Health as Context

The complexity of health is rarely appreciated: seeing in terms of supply and demand flattens complex exchanges into linear equations.  The relational impact of linear interaction is hard boundaries that but up against each other, repeatedly, each time in the same way.

Managing finances from the top down results in perverse behaviours: what is valued is understood and worked towards.  Analysts freely admit to massaging A&E figures to fit the target that is in vogue, which of course has no benefit at all to patients.  The idea that central governments can control health by target setting is illusory.

Policymakers are looking towards DevoManc as the test bed for regionalised autonomy: the irony is the historical success of various organisations in Manchester resulted from their organic growth.  The devolution agenda is more accurately seen as a top down reassertion of control.

Removing the perceived redundancies from organisations within this ecology will necessarily suffocate its development and growth.  Seeing programmes as separate and distinct is an indicator that they will not work.

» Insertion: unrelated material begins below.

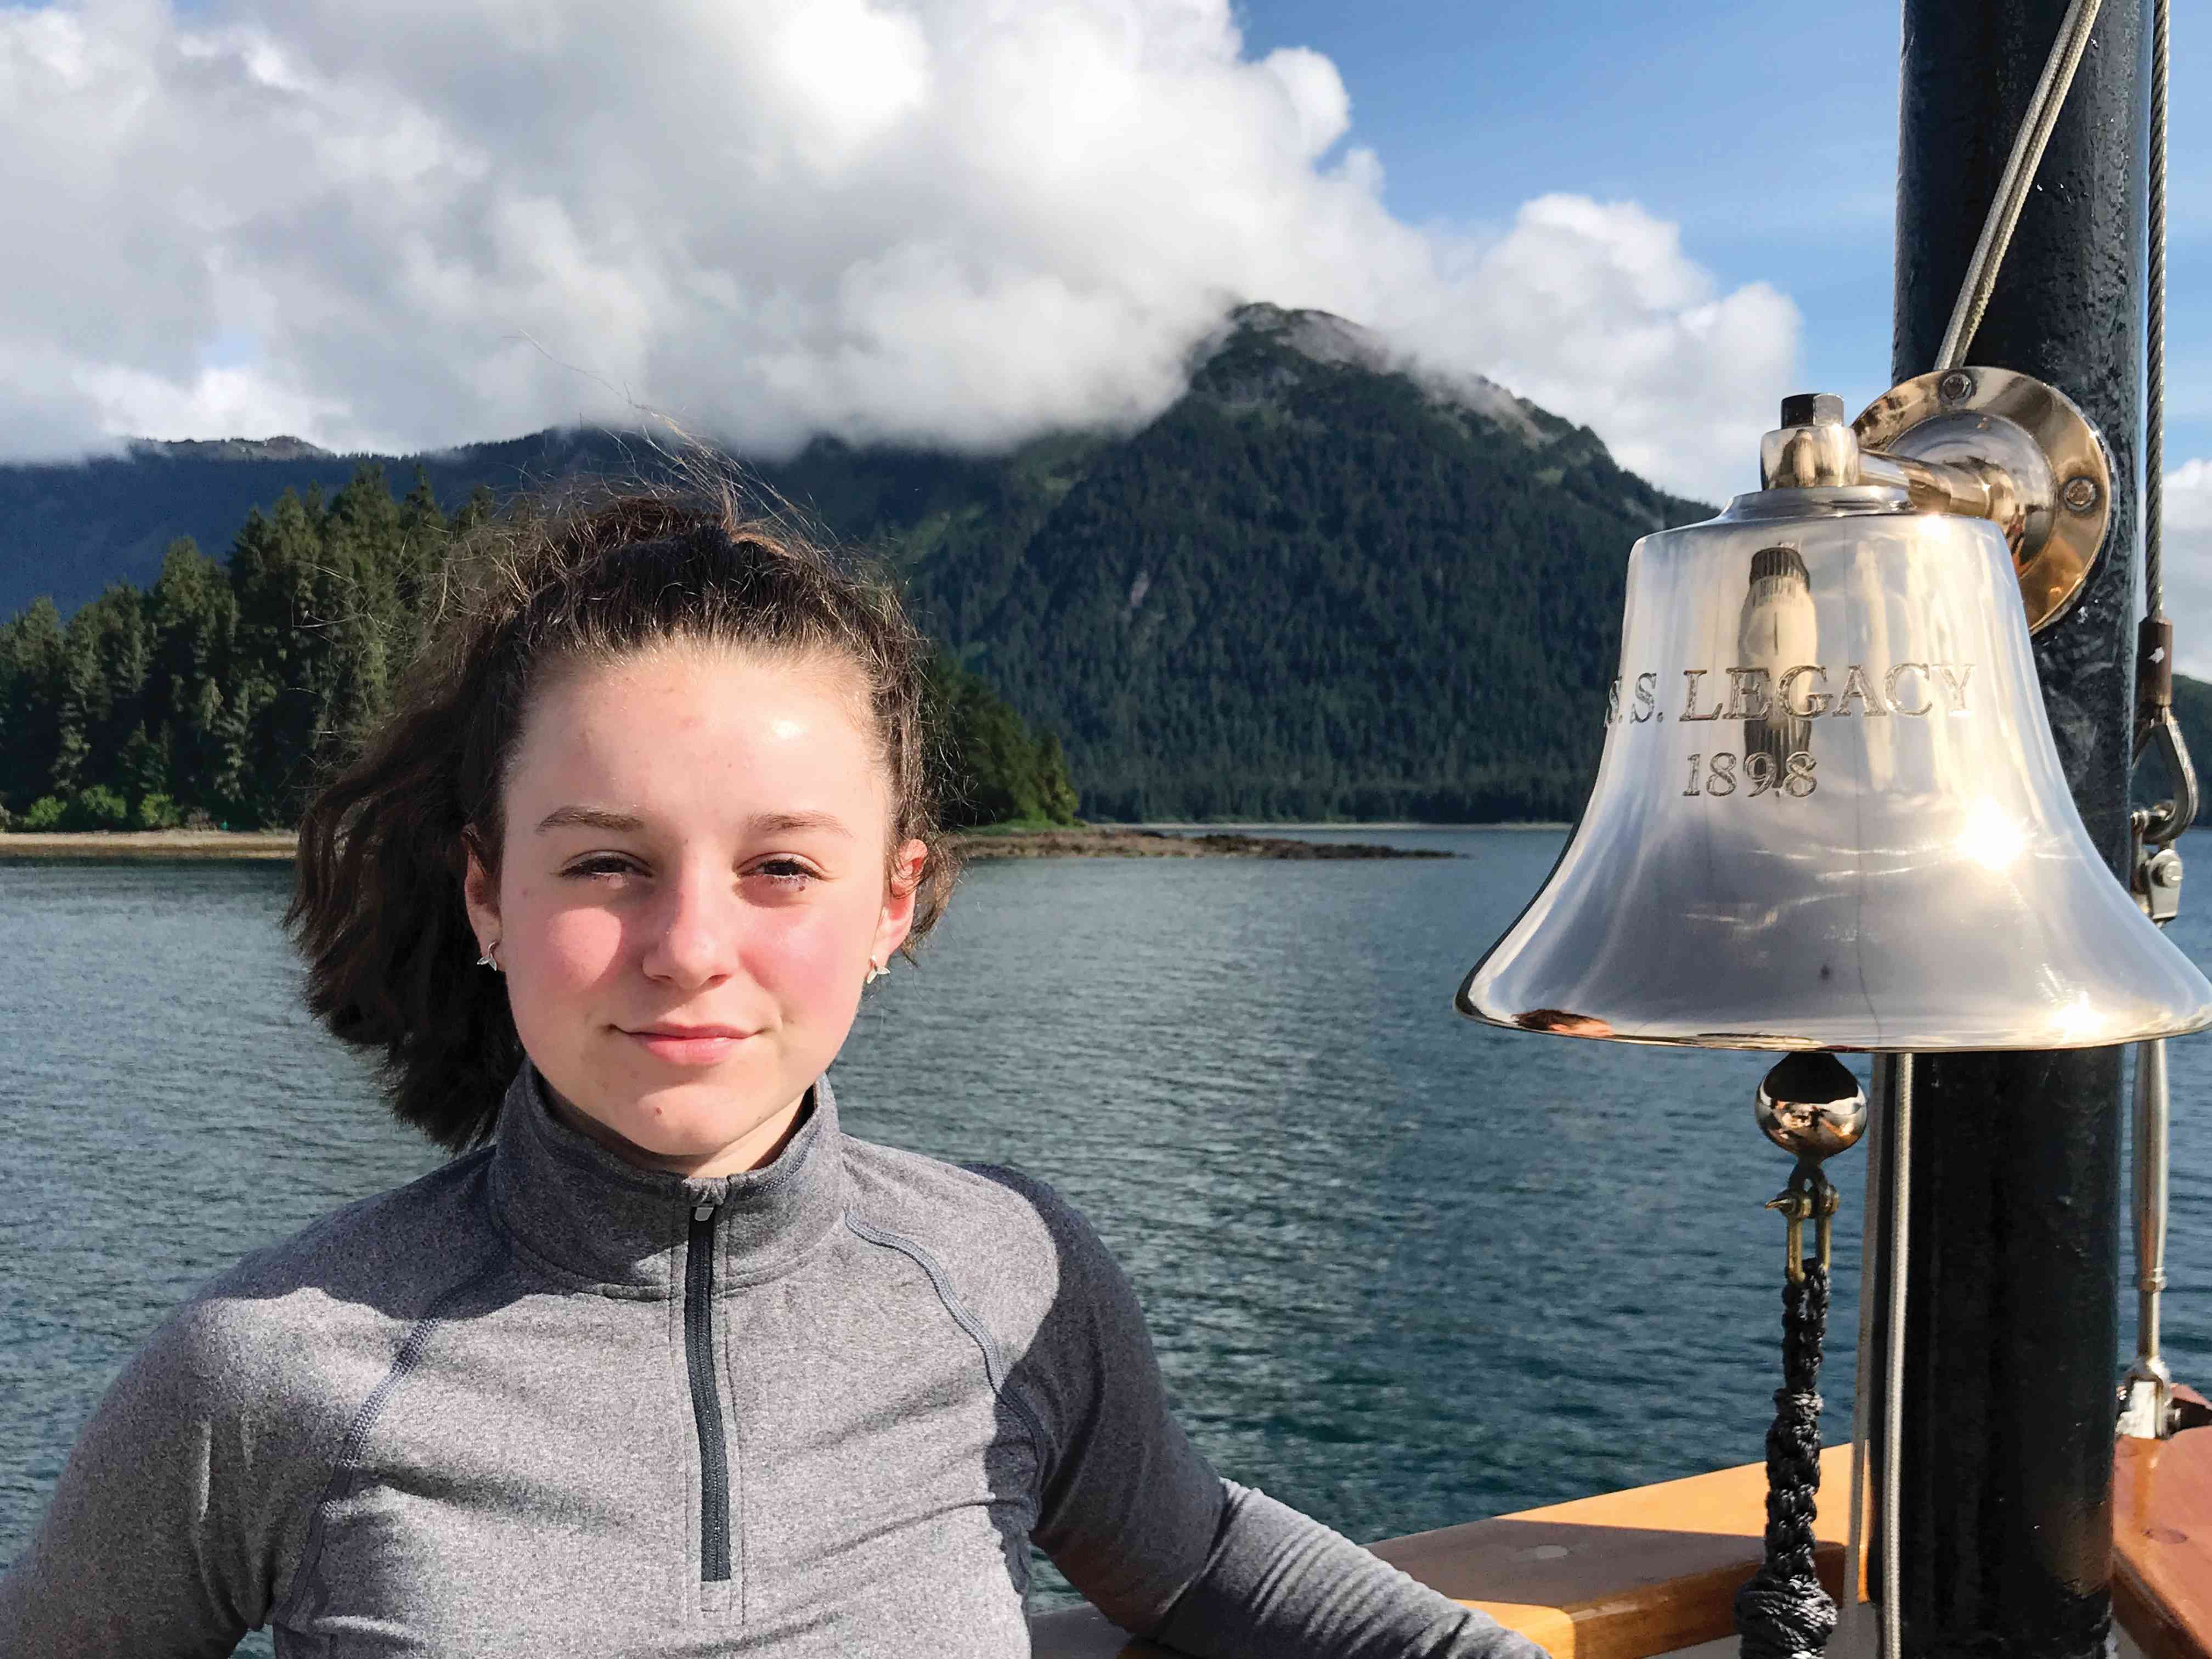 Madeline at the SS Legacy steamer's bell Photo Kate Armstrong

Much faith is placed behind the next reorganisation of health and care into Sustainability and Transformation Plans (STPs).  However, none of the previous reorganisations has worked.  The idea of localised commissioning is now ridiculed as a nonsensical model.

The people who find ways to make progress within this system of flawed assumptions tell consistent stories of finding patterns of working against the grain that has been prescribed.  They can be seen as ‘positive deviants’.  Often their patterns of working and contacts have remained the same throughout several rounds of reorganisation, all of which have purported to radically change ways of working.

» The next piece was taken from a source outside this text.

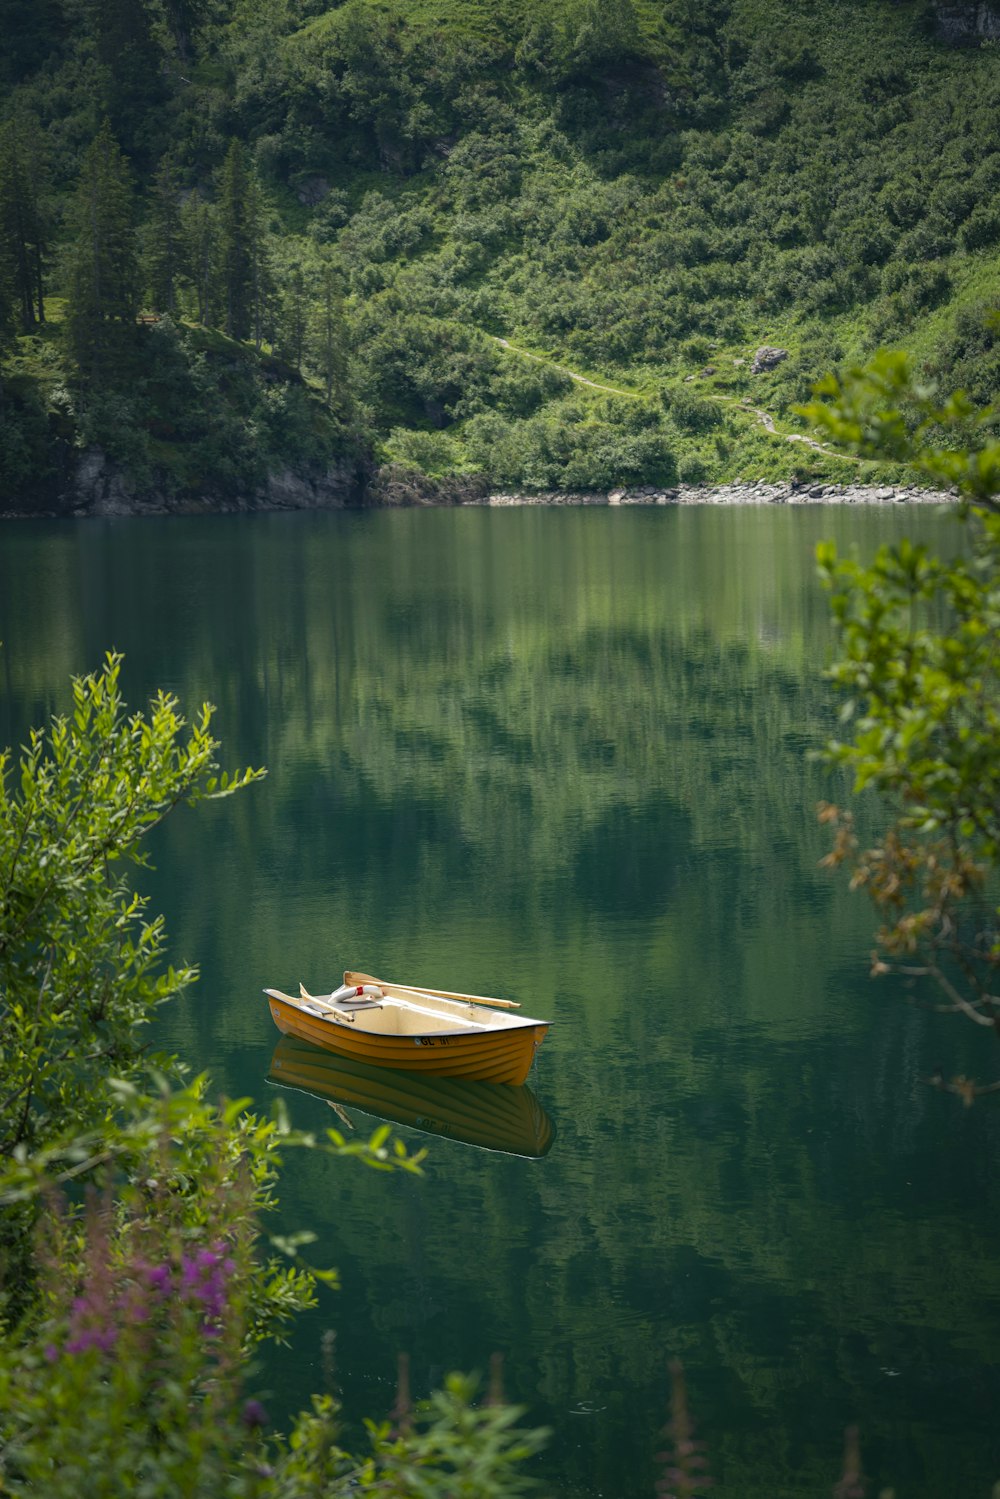 brown wooden boat on lake during daytime

Years of ethnographic research within NHS Commissioning has shone clear light on the large number of people that remain employed by the NHS with no discernible impact on patients and the public, in spite of repeated rounds of efficiency gains targeted reorganisations.

There is no quick fix, easily brandished ‘solution’ to this highly complex, intersecting set of problems, nor is it viable for government to immediately reverse its policies.

But the nature of dialogue does need to change, in ways that are at the same time subtle and radical. We describe why enforced reorganisation cannot be the singular or even dominant lever for change. Nor can the idea that inserting bureaucratic ideology into communities will help them to sort themselves out.

We still talking about patient and public involvement as a programme of work.  If the involvement of users is separated from the system of healthcare, what remains?  Health is an ecology: an interwoven next of relationships and patterns.

The other side of this paradox:  the health of our ecology is also fundamental to our individual health.  The best predictor of whether we will become obese is whether our close friends and family are.  Expensive, complicated predictive analytics does not add much to this understanding.  Our communities and social structures are diabetic. Wearable activity monitors become sticking plasters for pandemic rates of lifestyle induced ill health.